I’m Charles J Dove, founder of Charlie Automates. I rebuilt how I run Claude Code around what Karpathy actually said, and it changed everything. Same model, way better output. Let me hand you the whole thing.

The one sentence everyone skipped

Here is what Karpathy (one of the founding members of OpenAI) actually said:

Traditional computers automate what you can specify. These models automate what you can verify.

That’s the whole game in one line. Everybody copied a 65-line file and skipped the one sentence that matters. The takeaway is simple. You define what success looks like first, in a way your AI can read. Then you loop the work until it’s verified. You outsource the execution to the model. You never outsource the understanding. The systems thinking is always worth more than the system itself.

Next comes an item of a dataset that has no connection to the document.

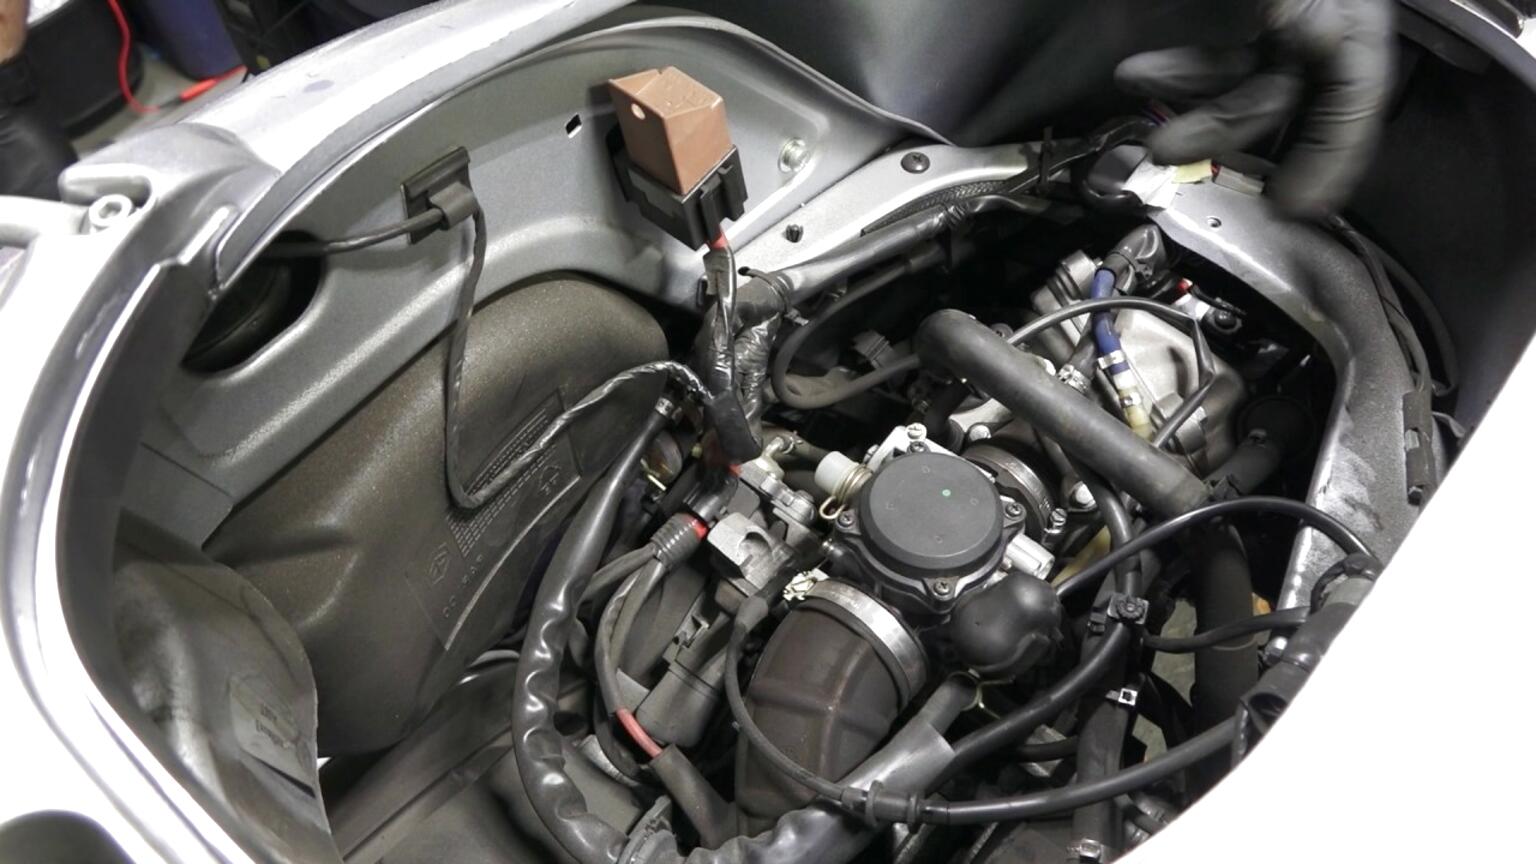 Vespa Gt 200 Engine for sale in UK | View 59 bargains

When I tested it side by side, the difference was obvious. Cold prompting Claude burns more tokens and drifts off course. Spec the job, define how it gets checked, then let it loop, and it ships in one clean pass.

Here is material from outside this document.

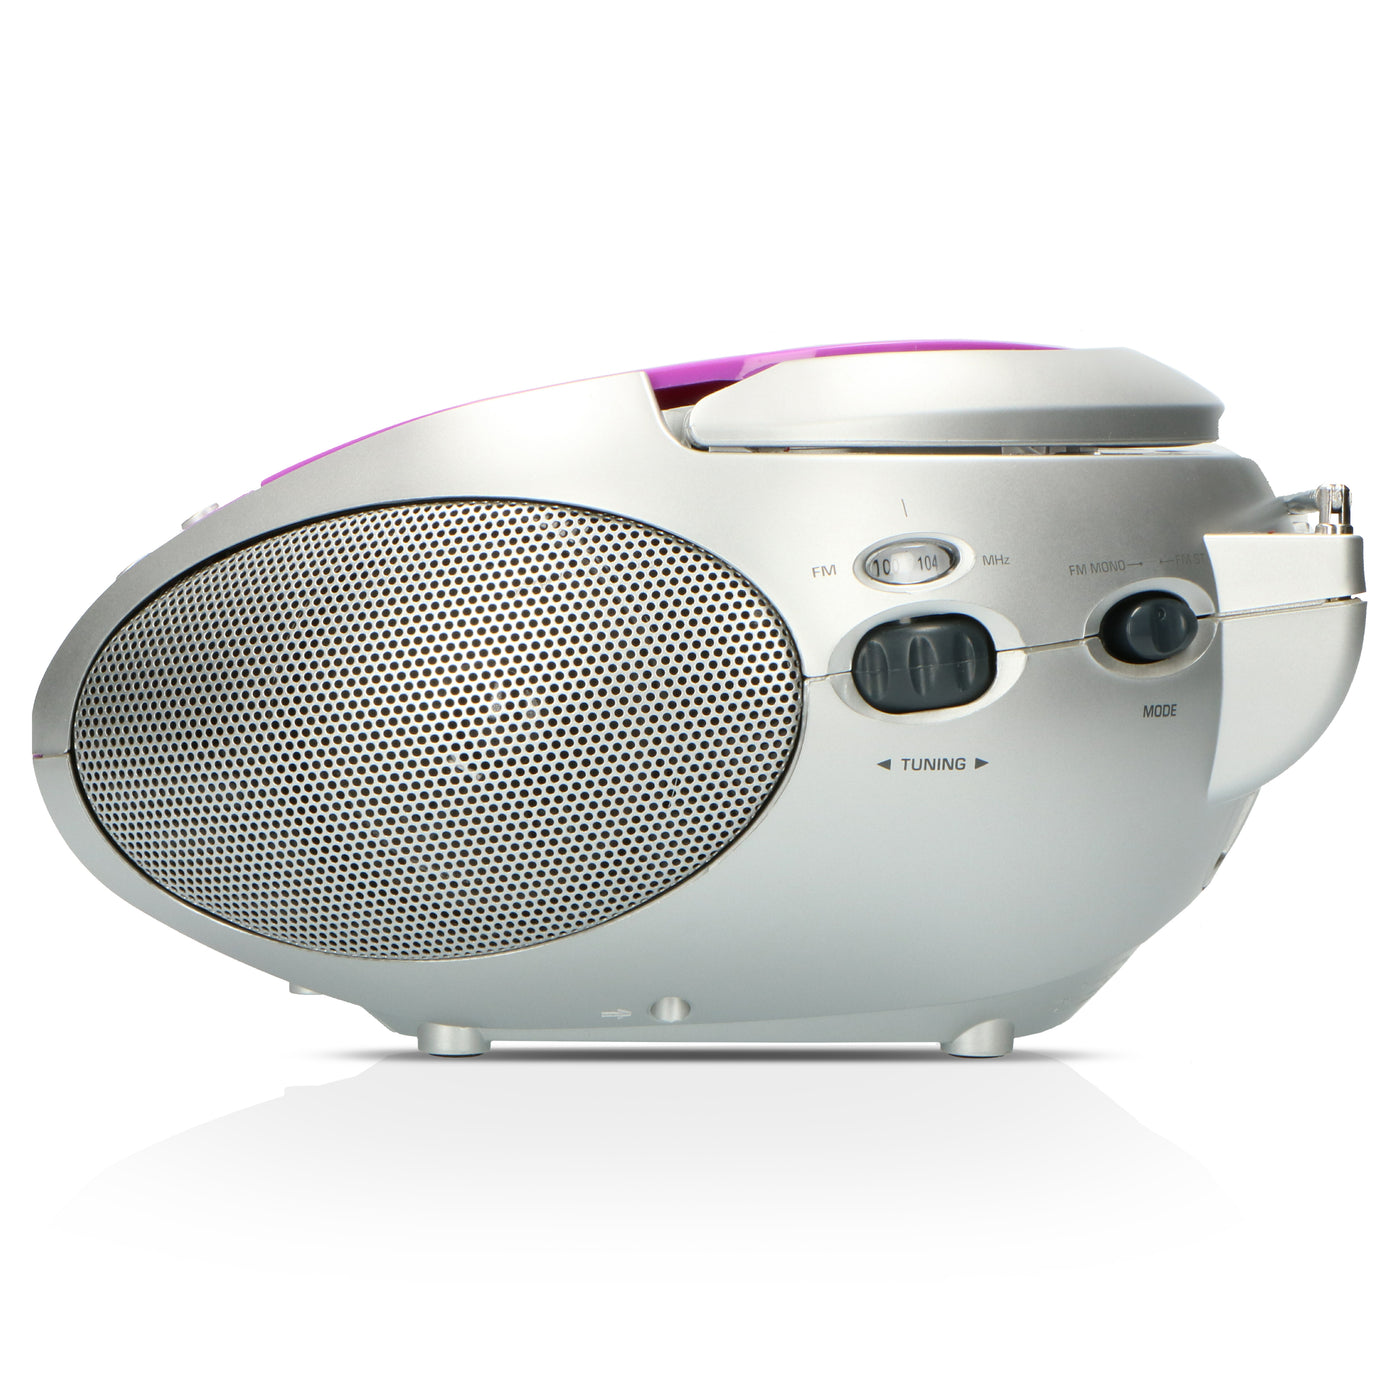 LENCO SCD-24 Purple - Portable stereo FM radio with CD player - Purple

The four principles to put in your CLAUDE.md

These are the four Karpathy actually called out. All four bias toward caution over speed. Drop them into your CLAUDE.md file and Claude starts working like a senior engineer instead of an eager intern.

  1. Think before coding. Give the model permission to push back. If something is unclear, it stops and names it. If there’s a simpler way, it tells you before writing a line. No silent guessing.
  2. Simplicity first. Less is more. The minimum code that solves the problem, nothing speculative. If 200 lines could be 50, it rewrites it.
  3. Surgical changes. Touch only what the request needs. Follow the style that’s already working. If there’s dead code, point it out, don’t quietly delete it. Every changed line traces back to your ask.
  4. Goal-driven execution. Turn a vague ask into a verifiable goal. “Fix the bug” becomes “write a failing test that reproduces it, then make it pass.”

That’s the brain. But principles in a file are not a system. Here’s how I turn them into something that actually ships products.

Raw prompt vs frameworks: the live test

I ran two terminals at the same time. Same goal: build a social media analytics dashboard. On the left, a raw prompt. On the right, two frameworks doing the work the way Karpathy described. Both terminals had my updated CLAUDE.md, so the raw side wasn’t terrible. It was just shallow.

The left side started building immediately. One wish-list prompt, straight to code. The right side did something different first. It asked me questions.

SEED: package the idea before you build

The first framework is called SEED. Instead of one-shotting a prompt, SEED runs a guided interview shaped by what you’re building. It asked me the project name, the stack options, and the scope. It let me pick my Charlie Automates brand kit. Then it packaged all of it into a spec file that Claude can actually read.

This is caution over speed in action. I answered a few questions up front so the build had a real target. The raw side already had a folder with a single file in it. The SEED side had a clean spec and a plan. That five percent of extra context up front is the whole difference.

PAUL: plan, apply, unify, loop

Once SEED has the idea packaged, the second framework takes over. It’s called PAUL, and it stands for Plan, Apply, Unify, Loop. This is the looping system Karpathy was pointing at.

I told it to launch and initialize PAUL in the apps folder. Watch what it created that the raw prompt never did:

  • A project file that lays out exactly what the app is, the core value, and what’s out of scope, so we’re not building for the sake of building.
  • A roadmap showing the current milestone (a 0.1 MVP) and every phase of the build.
  • A state file showing exactly where the project is right now, which phase is done, and what percent is complete.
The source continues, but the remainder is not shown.